Книга Салют из тринадцати орудий - Патрик О'Брайан
Шрифт:
Интервал:
Закладка:
— Естественно, они затянутся надолго. В этих краях быстрые соглашения приводят к потере влияния. Кости для Кювье я отдам для очистки очень маленьким и аккуратным красным муравьям. Долгая работа для них, с учетом размеров тапира, но я уверен — они станут совершенно белыми к тому времени, как вы заберете их для отправки во Францию.
— Эх, я бы с удовольствием остался. Я едва приступил к жесткокрылым, а орангутана и краем глаза не видел даже на вершинах очень далеких деревьев. Но меня вот что беспокоит: хотя с помощью ваших бесценных советов и помощи любезного Ван Да я заполучил благорасположение визиря и большей части совета, особенно родни султанши Хафсы, каждый раз, когда Фокс делает реальный шаг вперед, султан накладывает вето, и визирь вынужден отклонить все, иногда под совершенно неправдоподобными предлогами. Мы с Фоксом уверены, что дело в Абдуле. У султана сильный и доминирующий характер, совет его боится, но как вы сами не так давно сказали, трудно найти столь потерявшего голову от любви мужчину. Это стало до смущения очевидным во время успешного во всех отношениях приема на борту фрегата.
— Но каков интерес Абдула в этом вопросе?
— Вы встречали Ледварда, французского переговорщика?
— Видел его раза два-три. Внушительный, хорошо сложенный человек, но без сомнения мерзкий.
— Он не только очень способный и убедительный переговорщик, способный обойти Фокса перед лицом совета и вывести его из себя, но и любовник Абдула.
— Ого-го, — удивился ван Бюрен. — Молодой человек играет с огнем. Хафса его ненавидит, а она из могущественной семьи. Да и сама она целеустремленная женщина. А султан исключительно ревнив.
— Мне кажется, — после паузы продолжил Стивен, — Ледвард намекнул Абдулу, что в крайнем случае французы отдадут свой фрегат сверх орудий, субсидии и корабельных мастеров, которые они предлагали изначально — больше ничего у них нет. Деньги у них закончились.

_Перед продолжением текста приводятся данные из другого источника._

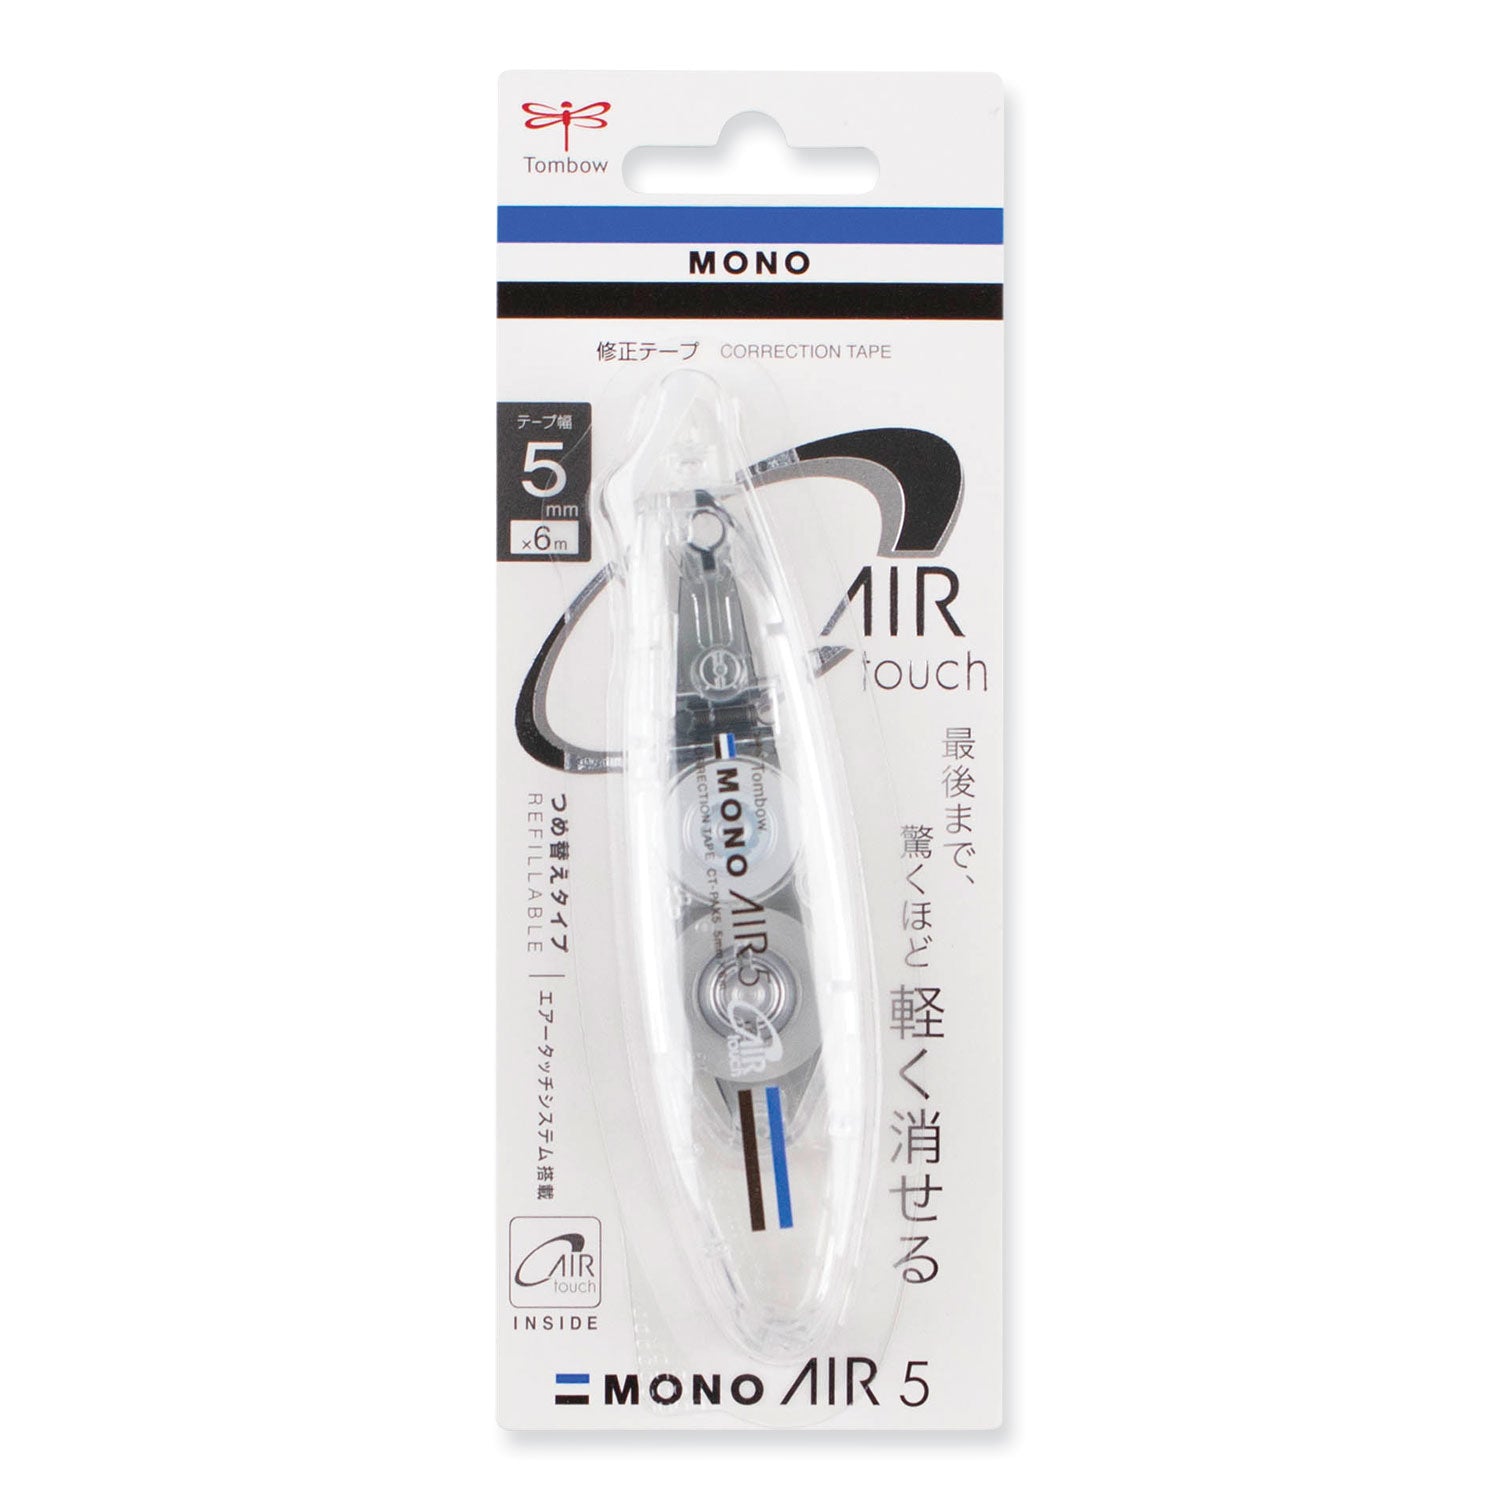 mono-air-pen-type-correction-tape-refillable-clear-applicator-019-x-236_tom68696 - 1
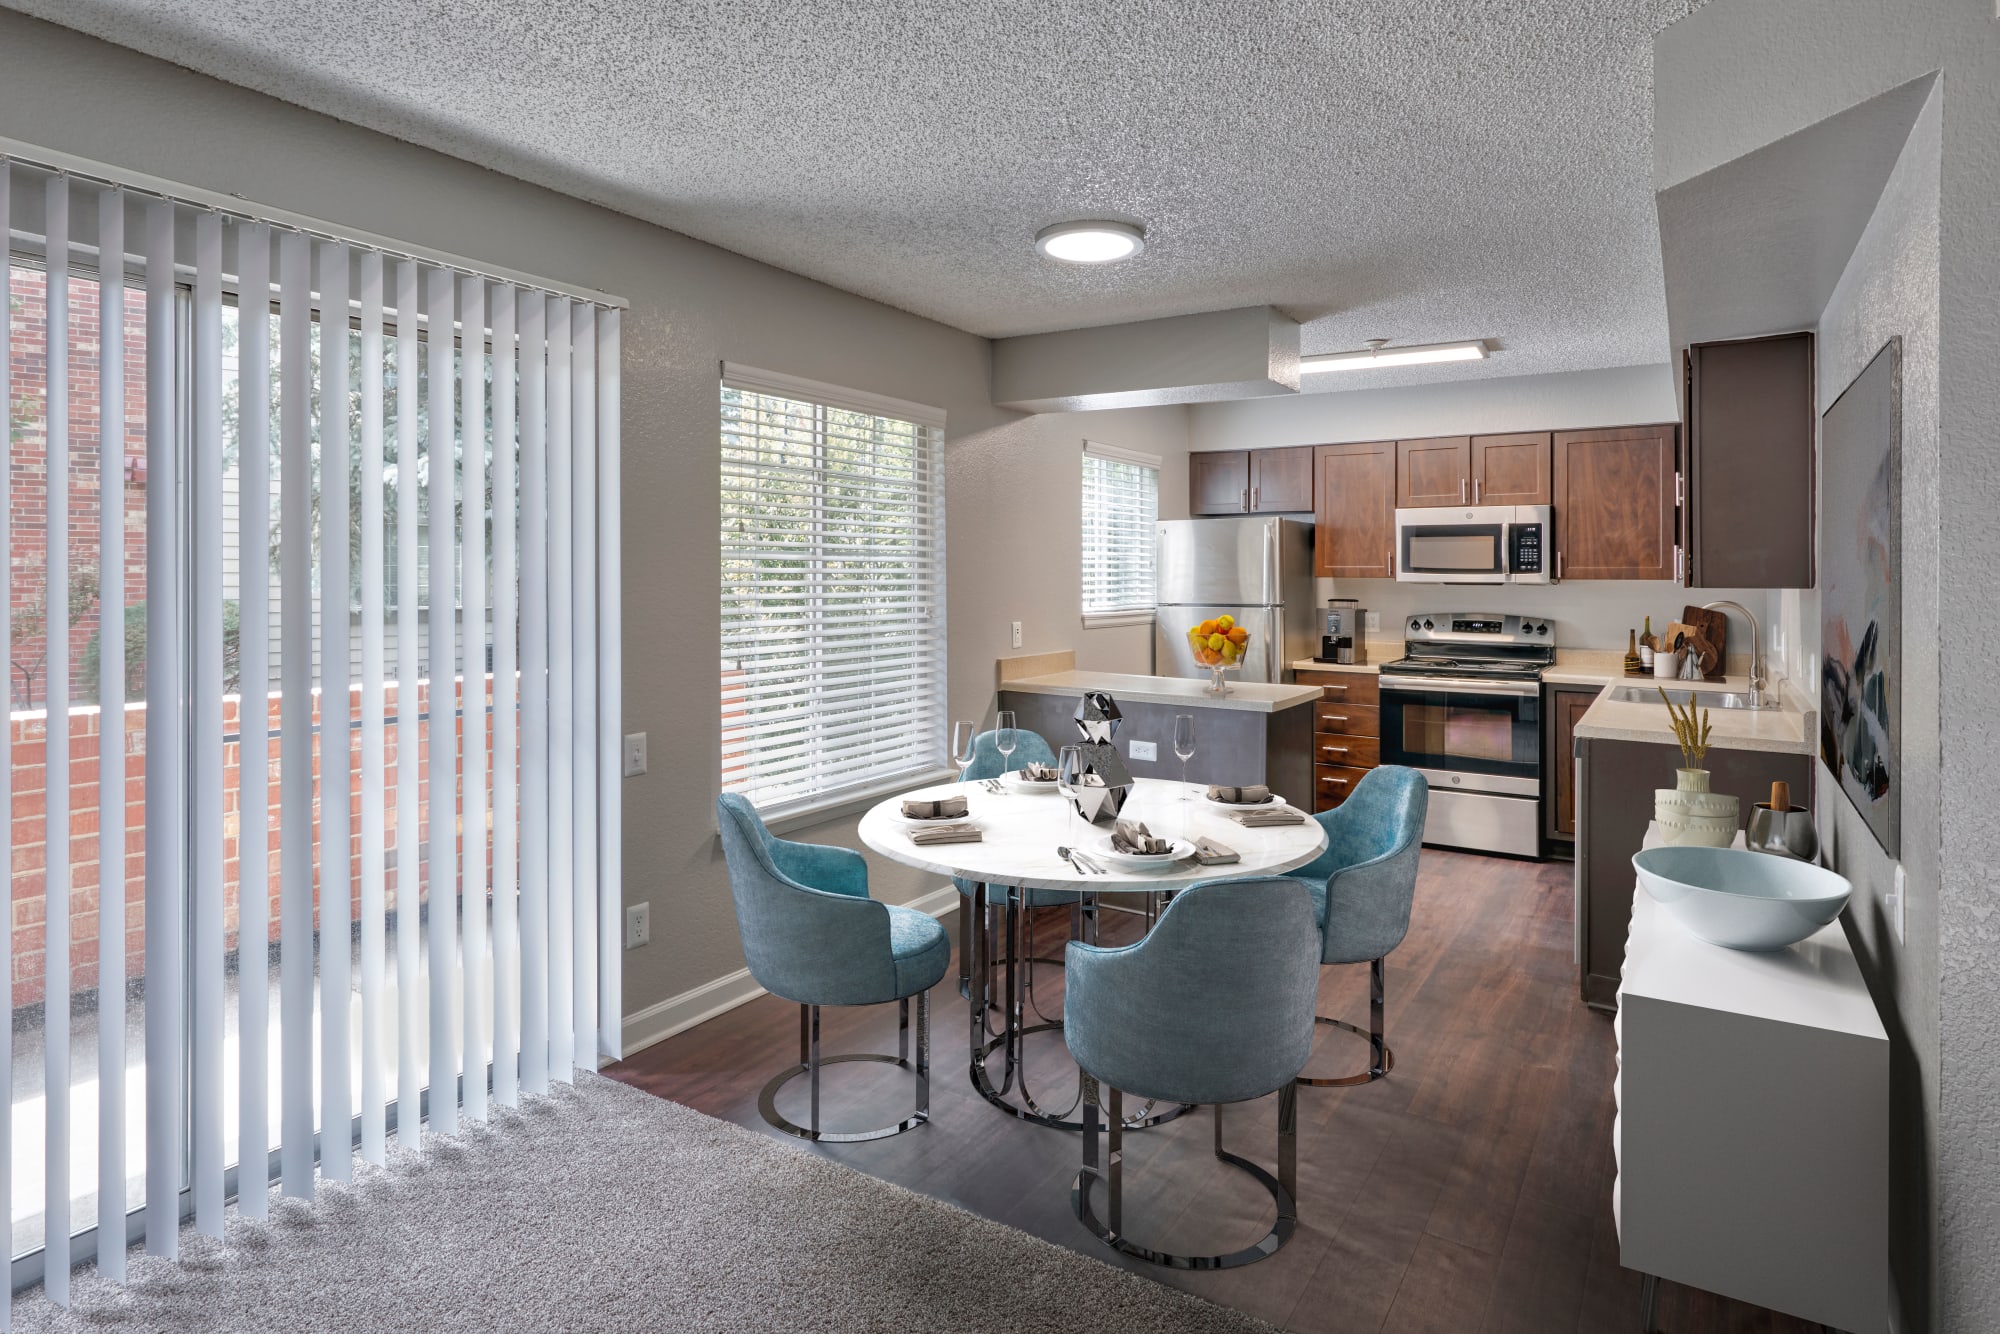 Kitchen overlooking the dining room in an open floor plan at Arapahoe Club Apartments in Denver, Colorado

Их изначально-то имелось немного, и Ледвард большую часть проиграл. Игрок он страстный, но стабильно невезучий, как и его компаньон Рэй. Объяснить, почему я так думаю?
— Буду очень рад узнать. Но вначале давайте выпьем кофе.

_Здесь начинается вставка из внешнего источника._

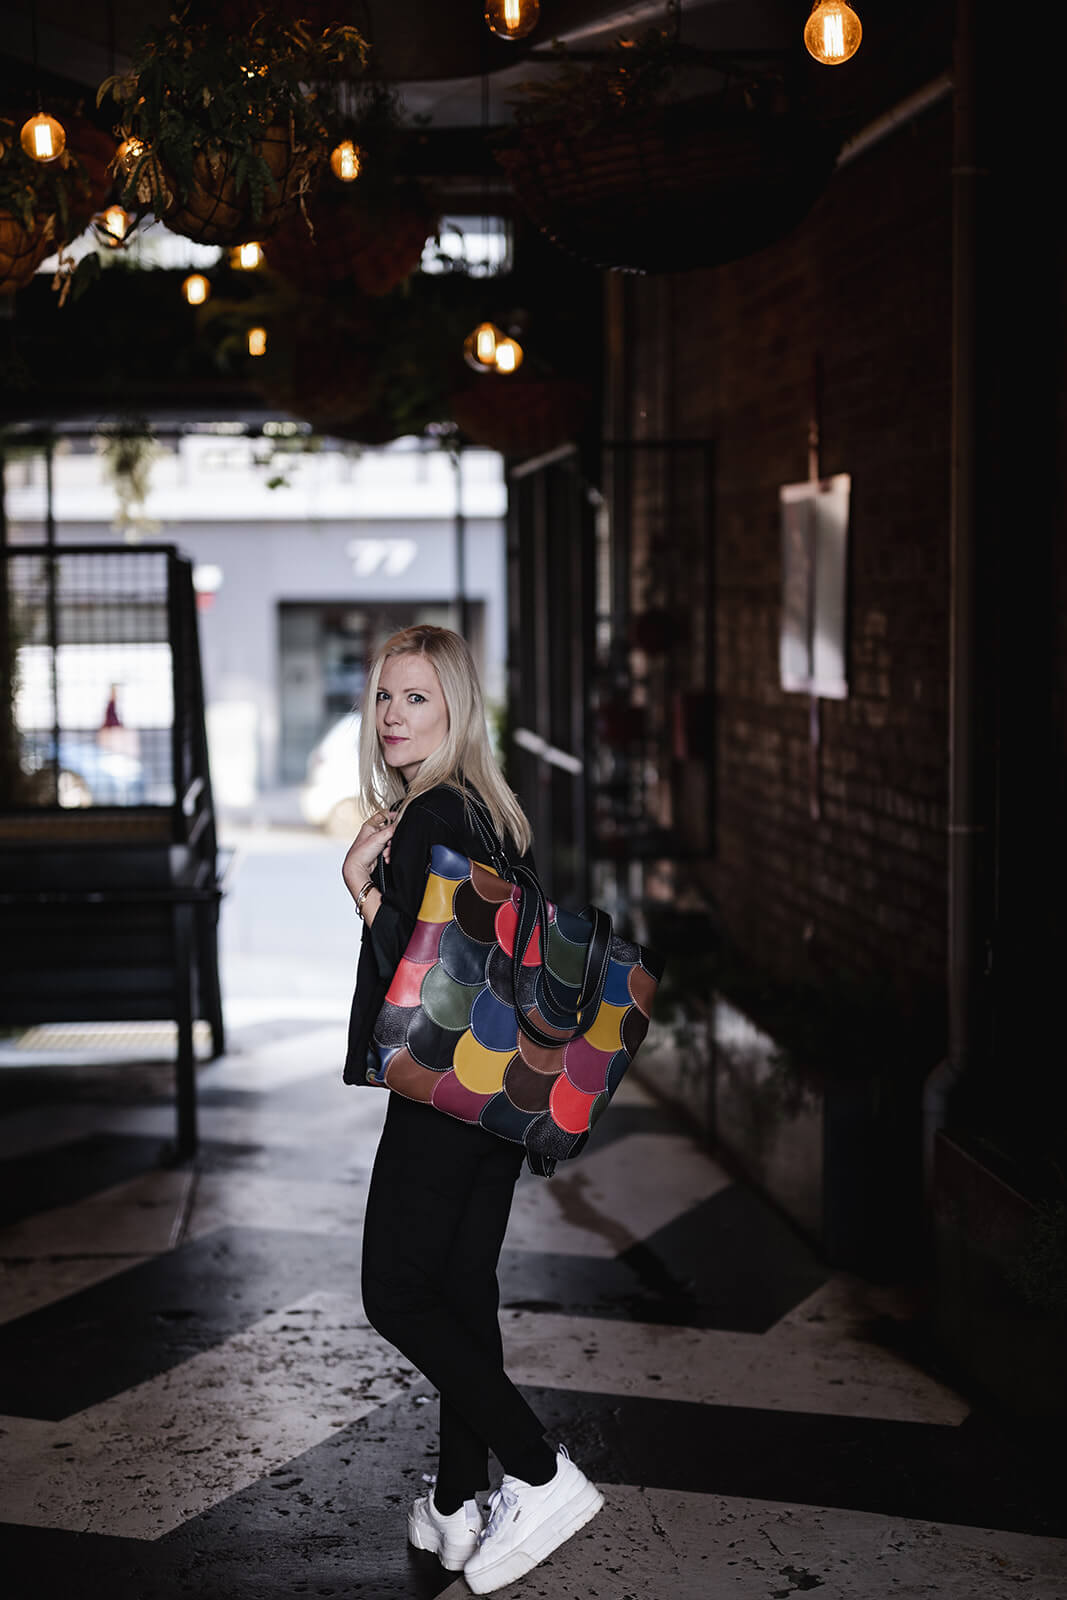 Woman standing in an alley. She has straight blonde hair and is wearing black top and pants, white shoes and a multicoloured backpack. She is facing away but turning her head over her shoulder that the backpack is on. The backpack is made of colourful rounds of leather in lots colours all stitched together. It is The Circle Bag in Multicolour by Ella Jackson

— Вы помните, как я ликовал над черновиками дневника Дюплесси? — спросил Стивен, ставя чашку и вытирая губы. — Самая неразумная вещь в моей жизни. Ну, почти самая неразумная. Через неделю, однако, я начал подозревать, что это слишком легко, слишком удачно, чтобы быть правдой. Я же вам говорил перед отъездом, что хотел договориться с единокровным братом вашего садовника о доставке мне бумажного мусора из дома Дюплесси?
— Конечно.
— Договоренность эта отняла некоторое время. Когда наконец-то организовали тайный способ доставки, я получил чудовищно огромную кучу. Но я ее вовремя расправил ее и рассортировал, и в процессе обнаружил там некоторые предварительные черновики дневника миссии. В моей голове росли сомнения, и я не слишком удивился, когда дневники не совпали с тем, что мне предлагали в качестве черновиков за ту же дату. Признаюсь, что меня это безмерно раздосадовало. За разведку в миссии отвечает Ледвард. Представляю, как он вместе с Рэем смеялся над моей простотой.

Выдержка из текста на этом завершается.